= Christian Heinrich Aschenbrenner =

Christian Heinrich Aschenbrenner (29 December 1654 – 13 December 1732) was a German violinist and composer. He played in court orchestras in Germany, and later was director (Capellmeister) of them.

==Life==
He was born in Stettin (now Szczecin in Poland). His father, a musician, gave him early music lessons. From 1668 he studied composition with Johann Theile, and in 1676 he went to Vienna to study composition and the violin with Johann Heinrich Schmelzer.

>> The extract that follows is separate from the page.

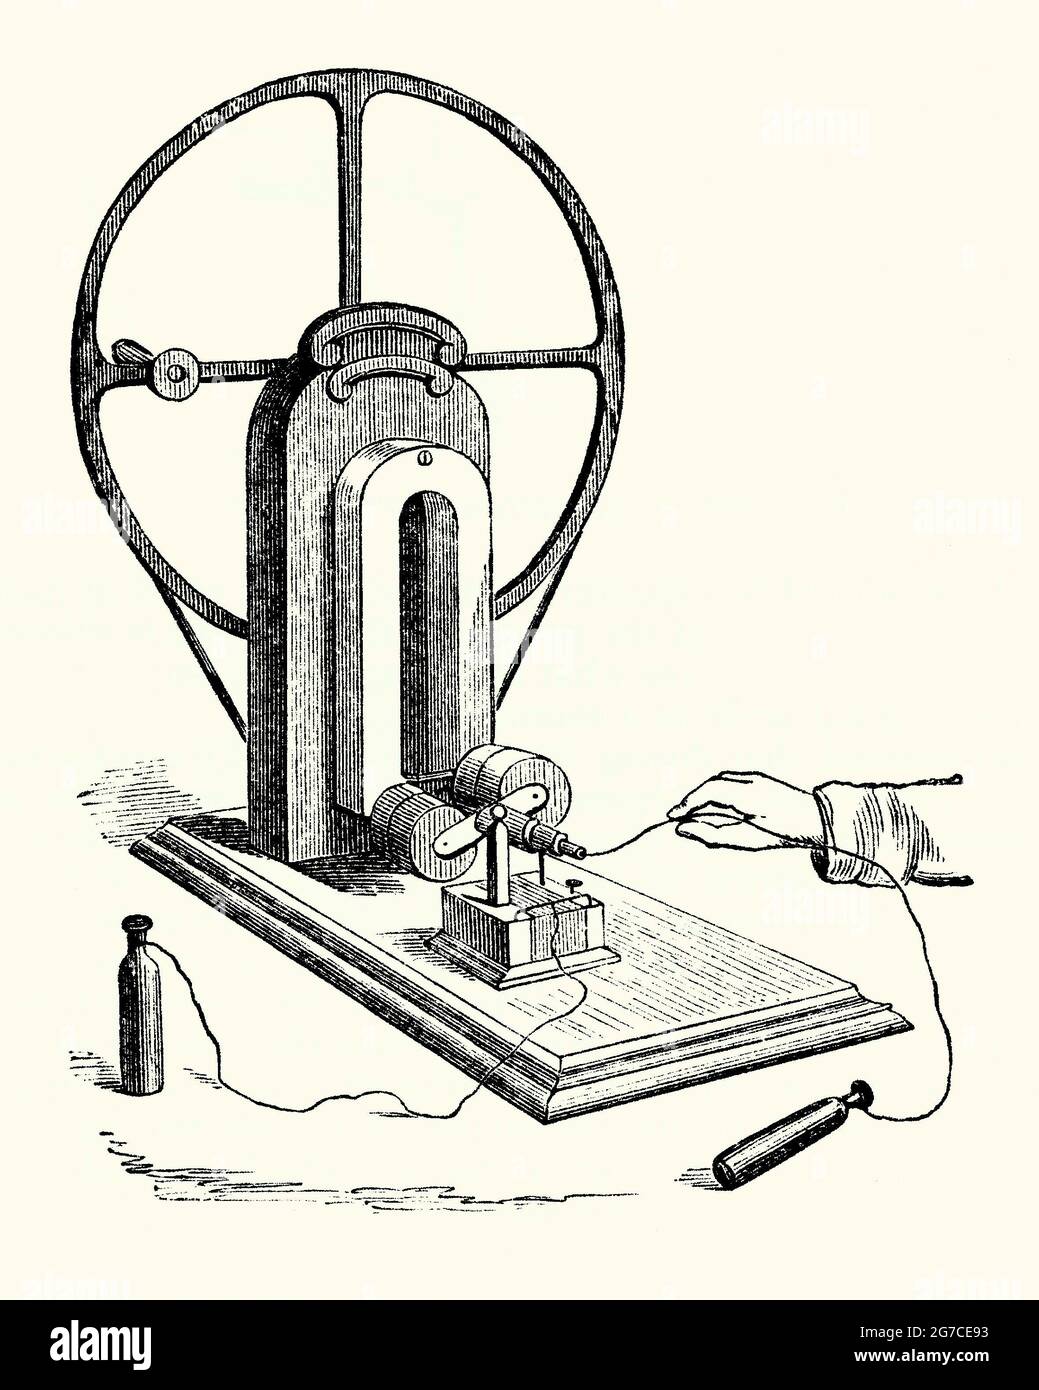 Una vecchia incisione che mostra la macchina magneto-elettrica di Clarke. E  'da un libro degli anni '90 del 1800 sulle scoperte e le invenzioni  vittoriane durante il 1800. Un magnete è un
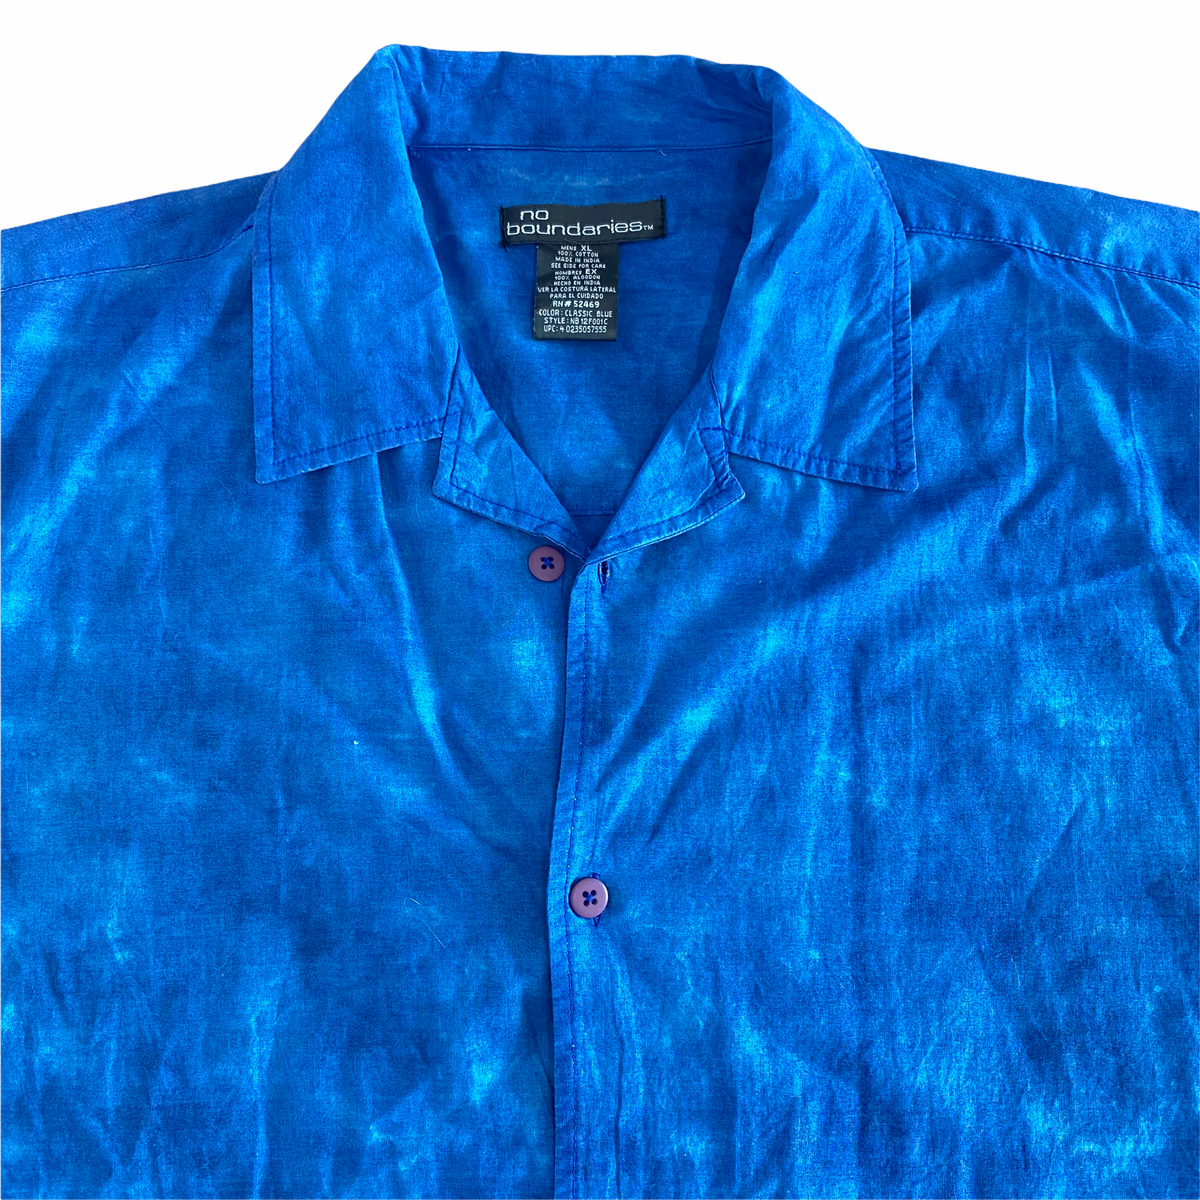 Vintage No Boundaries Flame Fire Button Up Shirt 90s Y2k Men's Size L

From 1677 he was in the court orchestra at Zeitz, until the orchestra was dissolved in 1681 on the death of Maurice, Duke of Saxe-Zeitz. Johann Rosenmüller, director of the court orchestra of Anthony Ulrich, Duke of Brunswick at Wolfenbüttel, then obtained a position for him there, but Rosenmüller's death soon afterwards caused the duke to lose interest in reorganizing the orchestra, so Aschenbrenner again had no permanent position.

In 1683 he became lead violinist of the court orchestra at Merseburg, and in 1695 returned to Zeitz, as director of the court orchestra. During this time he made concert tours and became well known; in 1692 he played in Vienna before the emperor, to whom he presented six violin sonatas, and he visited again in 1703. In 1713 he became director of the court orchestra of Moritz Wilhelm, Duke of Saxe-Zeitz at Merseburg, remaining in the service of the orchestra at Zeitz, to play or conduct there on special occasions. Aschenbrenner left the Merseburg court in 1719, and retired with a small pension to Jena, where he died in 1732.

==Works==
"Gast- und Hochzeits-Freude, bestehend in Sonaten, Präludien, Allemanden, Couranten, Balletten, Arien, Sarabanten" ("Enjoyment with guests and at weddings, consisting of sonatas, preludes, allemandes, courantes, ballets, arias, sarabandes") in 3 to 6 parts, was published in 1673, and was reprinted in 1675 and 1676.

It is not known whether the violin sonatas presented to the emperor in 1692 were printed.